I usually run 5 threads per C job and have many C jobs running at the same time on different nodes in a compute cluster (using the snakemake). That issue also mentions different BLAST versions being slower than others. BLAST Versions 2.10.1, 2.12.0, and 2.14.1 all had good performance. I've recently been running with version 2.15.0 which also seems ok

The code between Loading splice junction info and the next print is reading the input files: https://github.com/Xinglab/espresso/blob/v1.4.0/src/ESPRESSO_C.pl#L168

If the code is actually spending 16h loading those files then it seems like there is a filesystem issue. It could be that the code is past that part and the prints are just being buffered. You could check to see if anything is being written to the output directory for that job

The snakemake needs to be run from the snakemake directory of the source code in order to find the Snakefile, snakemake_config.yaml, and also the scripts/ directory. Are you getting a specific error message?

The C step can use 1 thread per read group. The S step separates the alignments into groups of alignments that have overlapping coordinates to define the read groups. After running the S step there should be one C directory created per input file. Each default C directory would work on all the read groups for that input file. If using the snakemake then https://github.com/Xinglab/espresso/blob/v1.4.0/snakemake/scripts/split_espresso_s_output_for_c.py is used to create C directories according to read groups. Since the threads work on read groups that can be more efficient. The split also uses --target-reads-per-c which will limit the number of reads assigned to a C job even if a particular read group has a large number of reads

With the default split, if there is a read group that has a very large number of reads then the thread assigned to that group ends up doing almost all the work.
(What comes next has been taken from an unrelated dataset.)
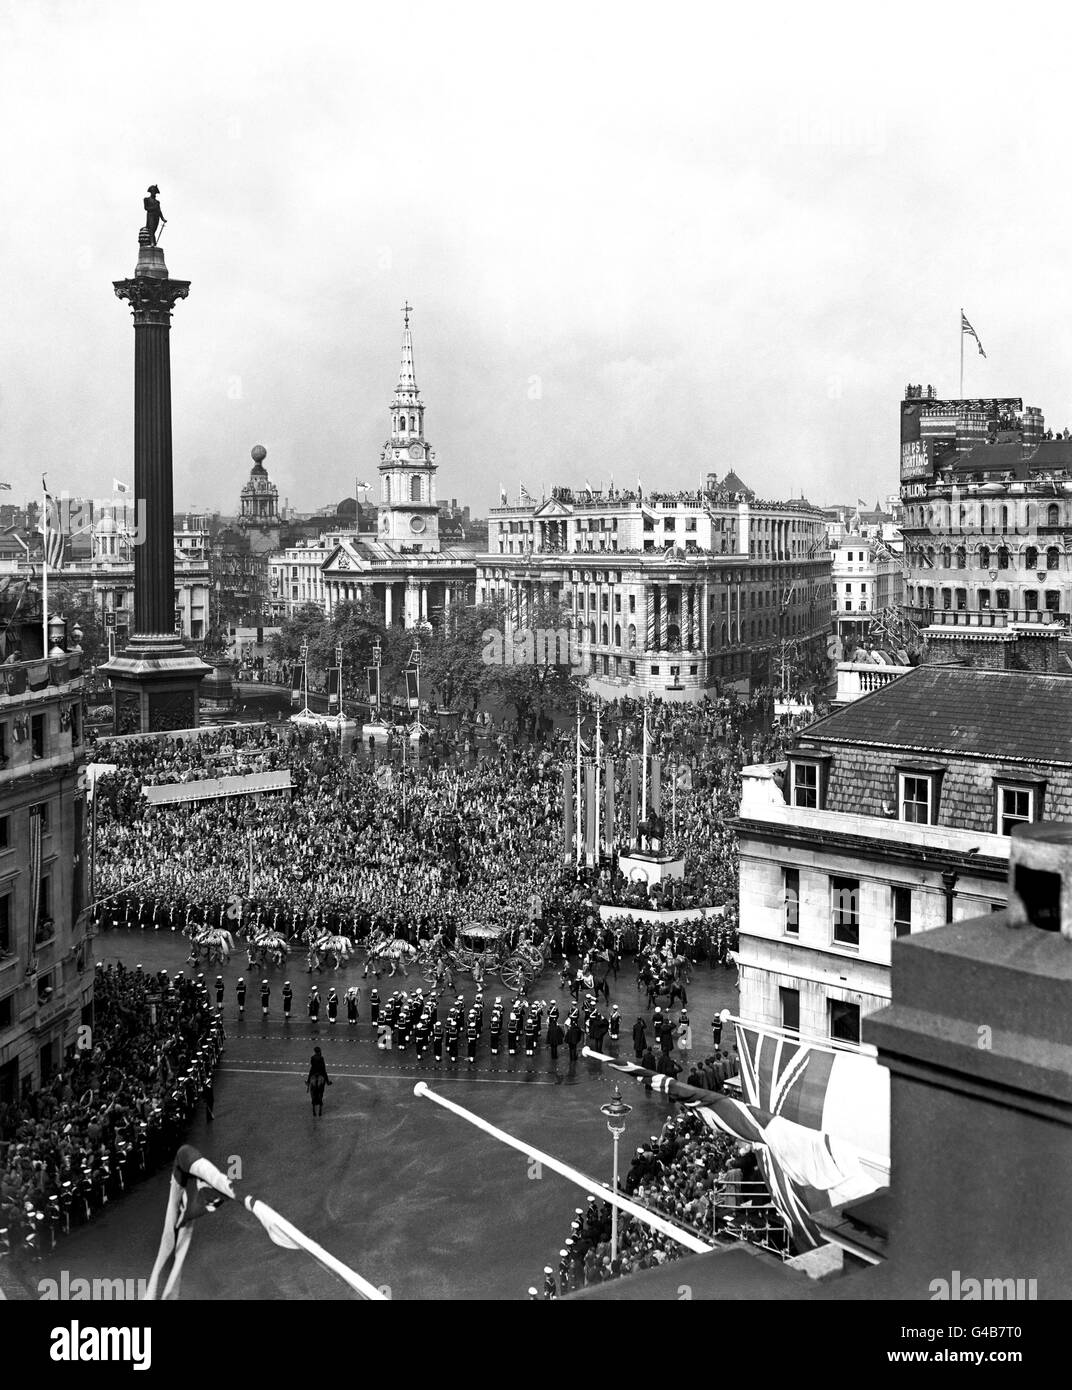 The Coronation procession passes through Trafalgar Square on the return journey from Westminster Abbey to Buckingham Palace after Queen Elizabeth II's Coronation. Stock Photo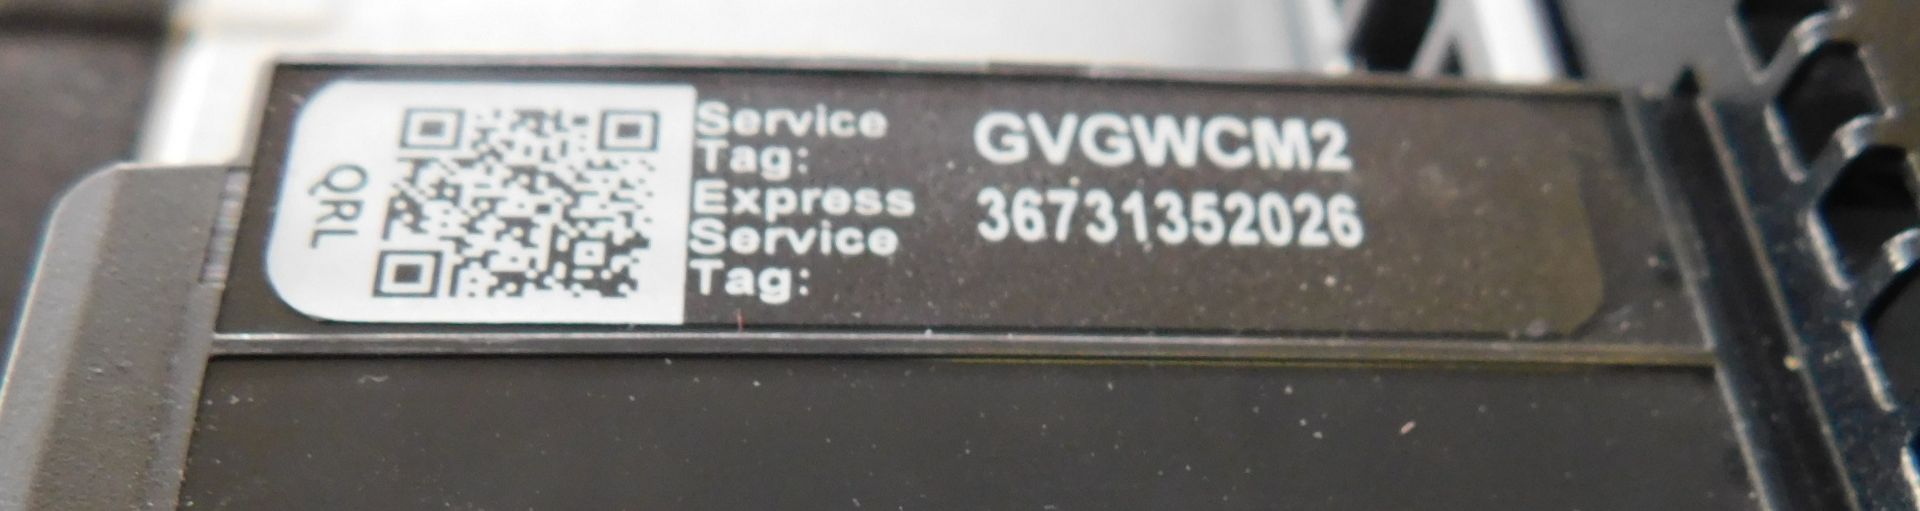 Dell PowerEdge R330 Rack Mounting Server, Service Tag GVGWCM2 (No HDD) (Location Stockport. Please - Image 3 of 3

My guess is that the C job that is taking a long time has some large read group. The thread for that group essentially determines the total time and adding more threads wouldn't help

You could run the split and combine scripts manually instead of using the snakemake:

python snakemake/scripts/split_espresso_s_output_for_c.py --orig-work-dir out_dir_s --new-base-dir out_dir_c --target-reads-per-c 500000 --num-threads-per-c 5 --genome-fasta /path/to/genome.fasta

perl src/ESPRESSO_C.pl -I out_dir_c/0 -F out_dir_c/fastas/0.fa -X 0 -T 5
perl src/ESPRESSO_C.pl -I out_dir_c/1 -F out_dir_c/fastas/1.fa -X 0 -T 5
...
perl src/ESPRESSO_C.pl -I out_dir_c/n -F out_dir_c/fastas/n.fa -X 0 -T 5

python snakemake/scripts/combine_espresso_c_output_for_q.py --c-base-work-dir out_dir_c --new-base-dir out_dir_q

perl src/ESPRESSO_Q.pl -A /path/to/anno.gtf -L out_dir_q/samples.tsv.updated

I'm working on a new version of ESPRESSO that addresses some of these issues and hopefully that version will be released soon

pclavell commented 2 days ago

I'll try to implement your solution and let you know. Thanks a lot for the quick answer.